Monsieur is, as usual, led by his favorite; yesterday it was Choisy,
to-day it is La Riviere, to-morrow it will be some one else. Monsieur
le Prince is led by the coadjutor, who is led by Madame de Guemenee.”

“Therefore, madame, I ask you to look, not among your friends of
to-day, but among those of other times.”

“Among my friends of other times?” said the queen.

“Yes, among your friends of other times; among those who aided you to
contend against the Duc de Richelieu and even to conquer him.”

“What is he aiming at?” murmured the queen, looking uneasily at the
cardinal.

“Yes,” continued his eminence; “under certain circumstances, with that
strong and shrewd mind your majesty possesses, aided by your friends,
you were able to repel the attacks of that adversary.”
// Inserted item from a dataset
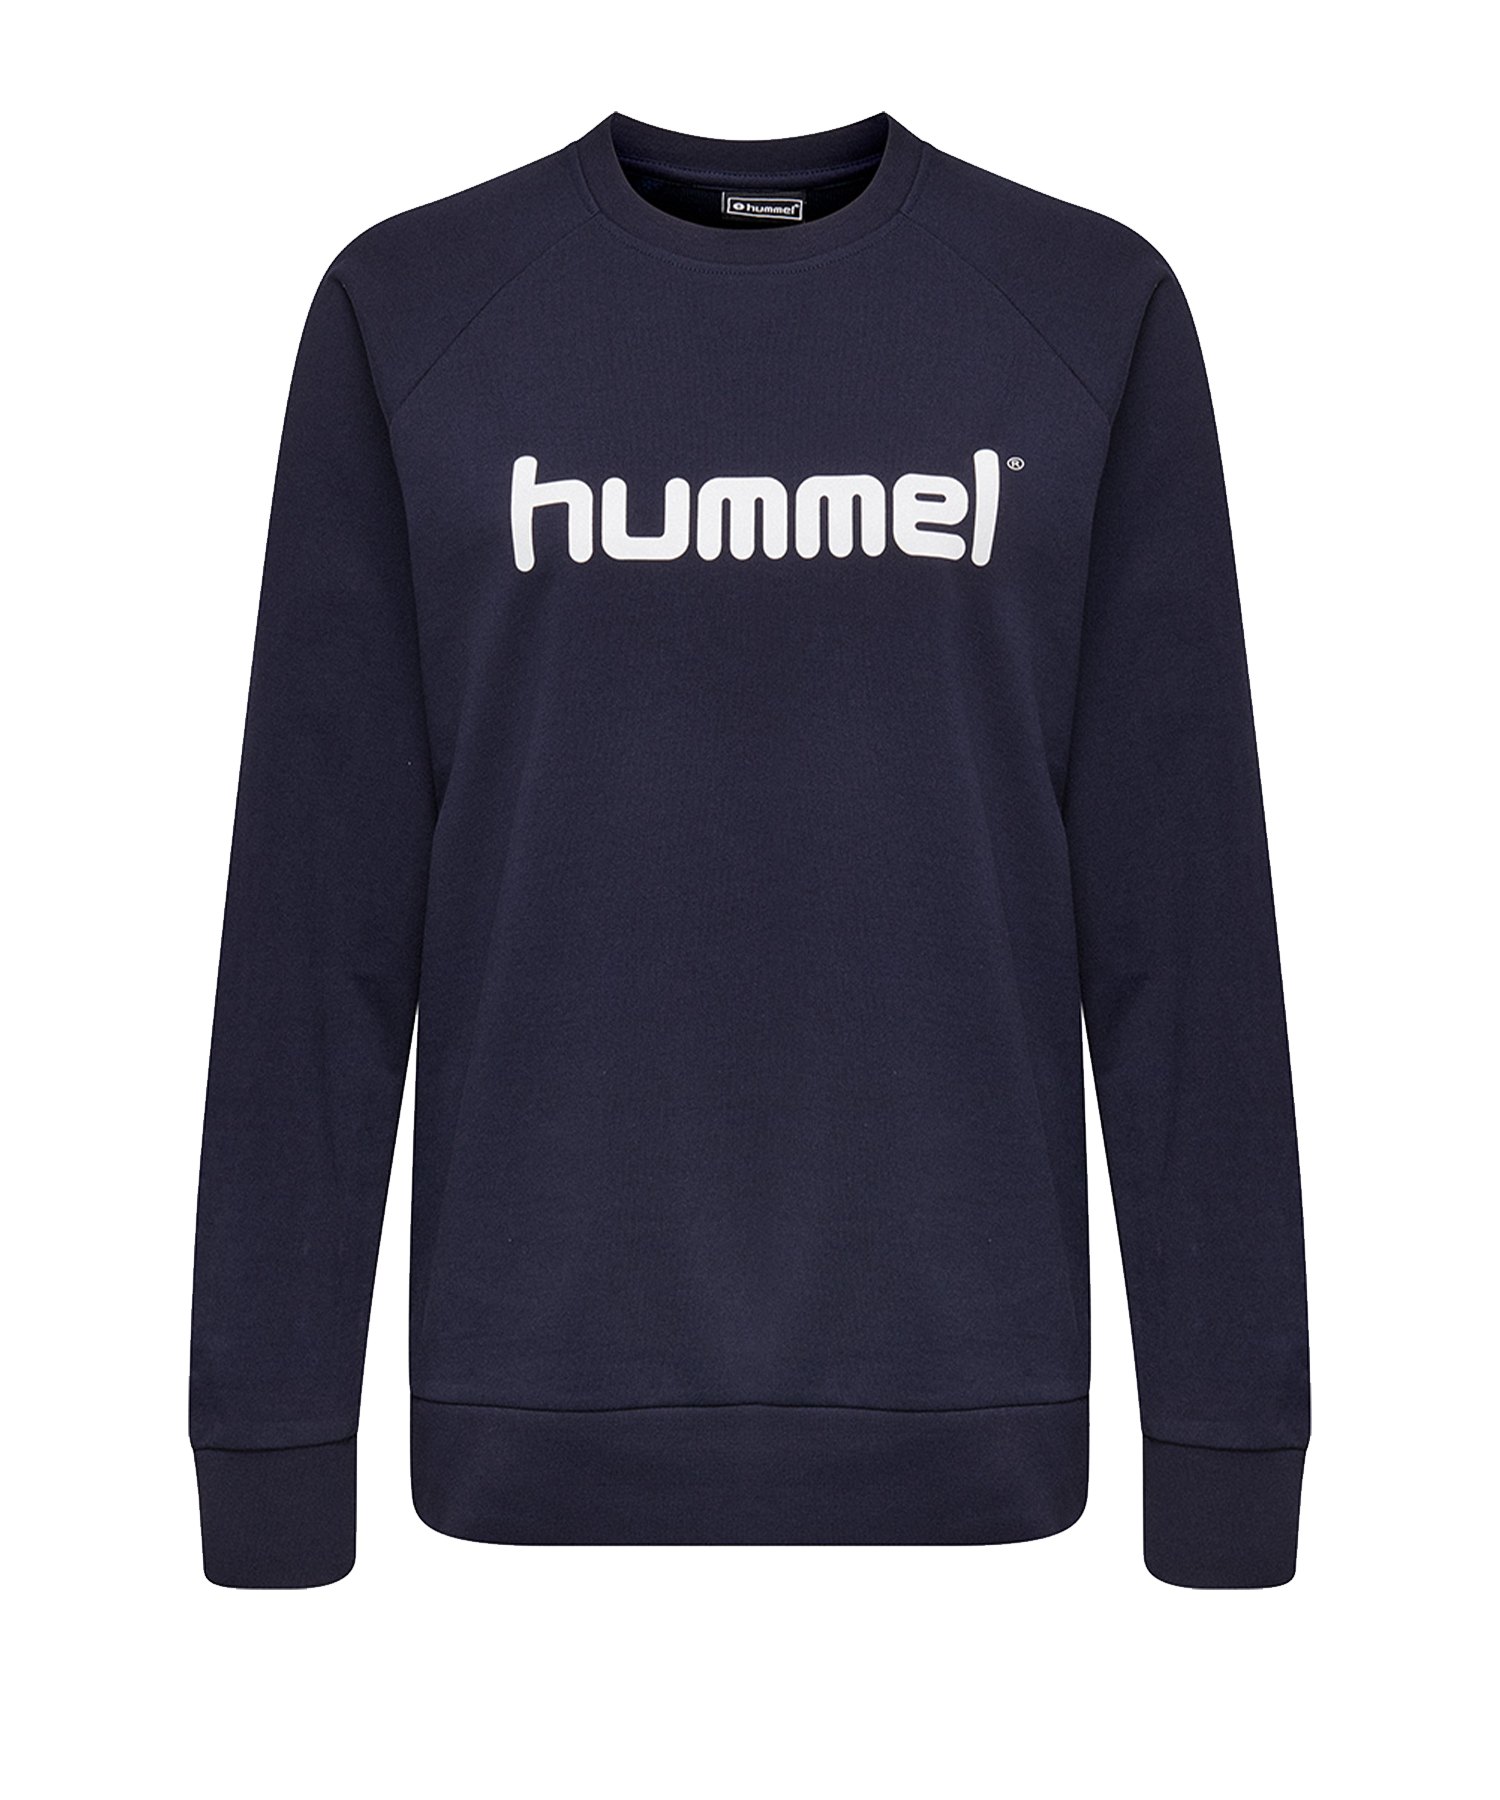 Hummel Cotton Logo Sweatshirt Damen Blau F7026 - Blau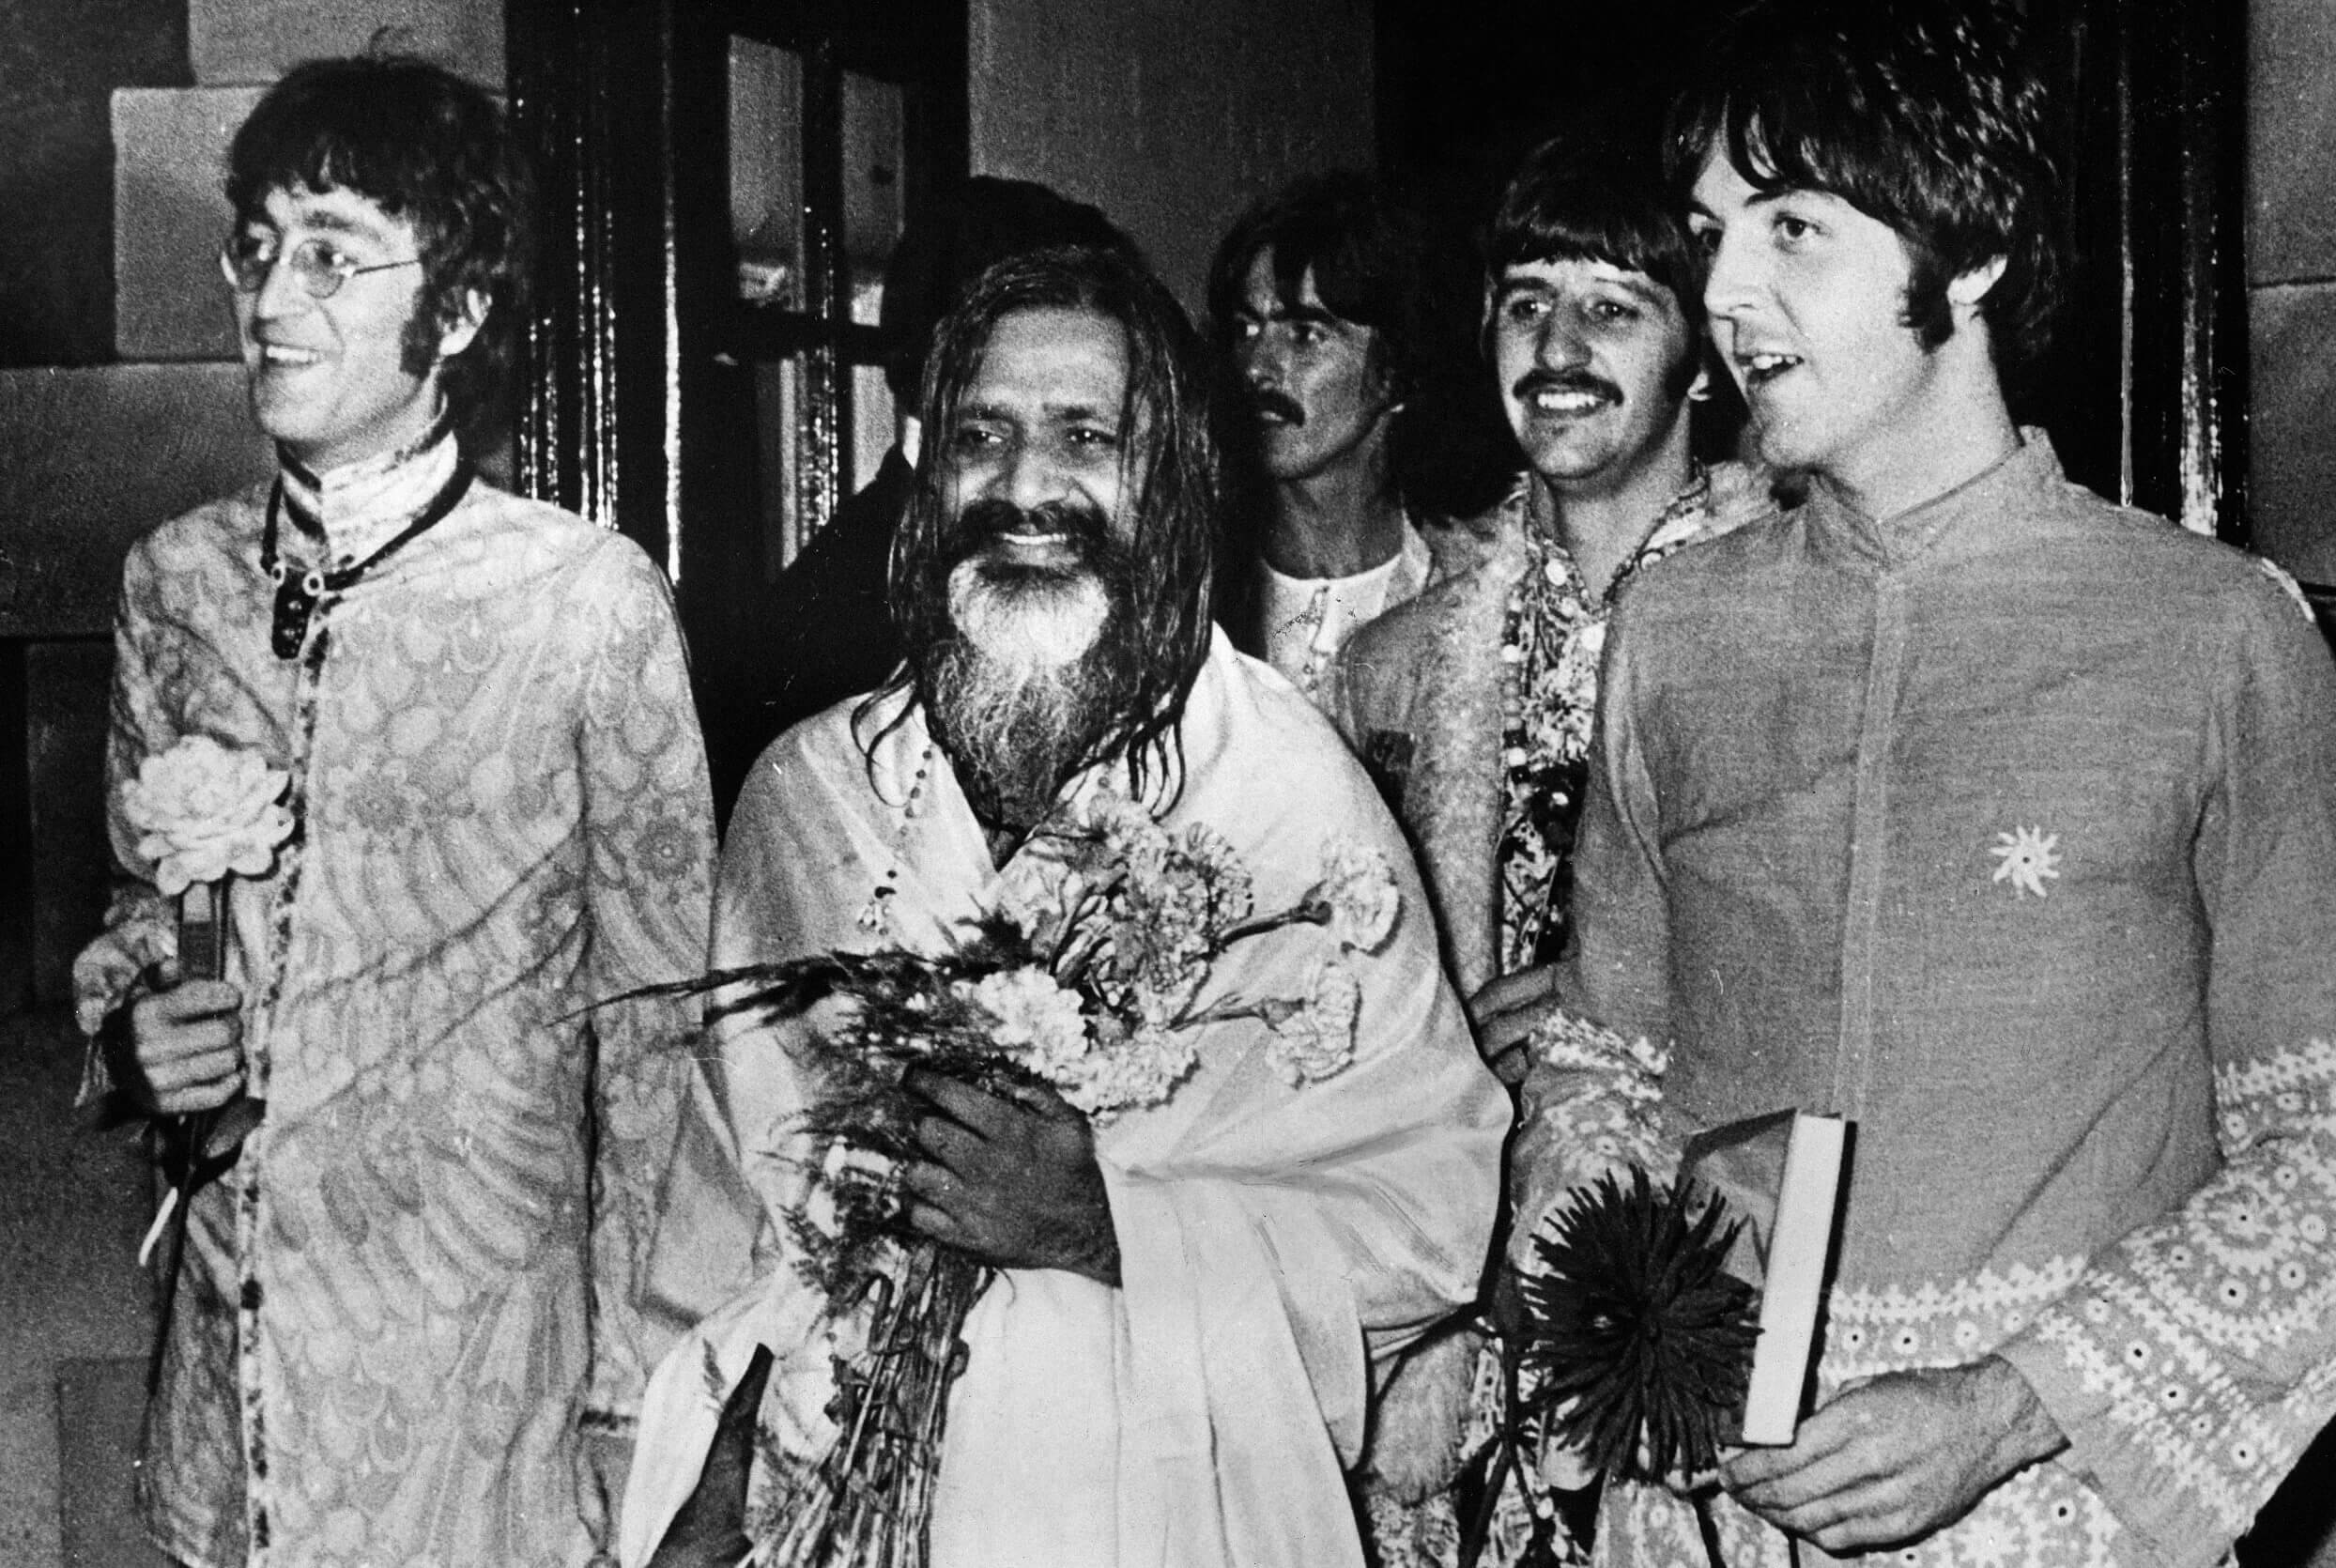 The Beatles and the Maharishi Mahesh Yogi in black-and-white

“I!” said the queen. “I suffered, that is all.”

“Yes,” said Mazarin, “as women suffer in avenging themselves. Come, let
us come to the point. Do you know Monsieur de Rochefort?”

“One of my bitterest enemies—the faithful friend of Cardinal
Richelieu.”

“I know that, and we sent him to the Bastile,” said Mazarin.

“Is he at liberty?” asked the queen.

“No; still there, but I only speak of him in order that I may introduce
the name of another man. Do you know Monsieur d’Artagnan?” he added,
looking steadfastly at the queen.

Anne of Austria received the blow with a beating heart.

“Has the Gascon been indiscreet?” she murmured to herself, then said
aloud:

“D’Artagnan! stop an instant, the name seems certainly familiar.
D’Artagnan! there was a musketeer who was in love with one of my women.
Poor young creature! she was poisoned on my account.”

“That’s all you know of him?” asked Mazarin.

The queen looked at him, surprised.

“You seem, sir,” she remarked, “to be making me undergo a course of
cross-examination.”

“Which you answer according to your fancy,” replied Mazarin.

“Tell me your wishes and I will comply with them.”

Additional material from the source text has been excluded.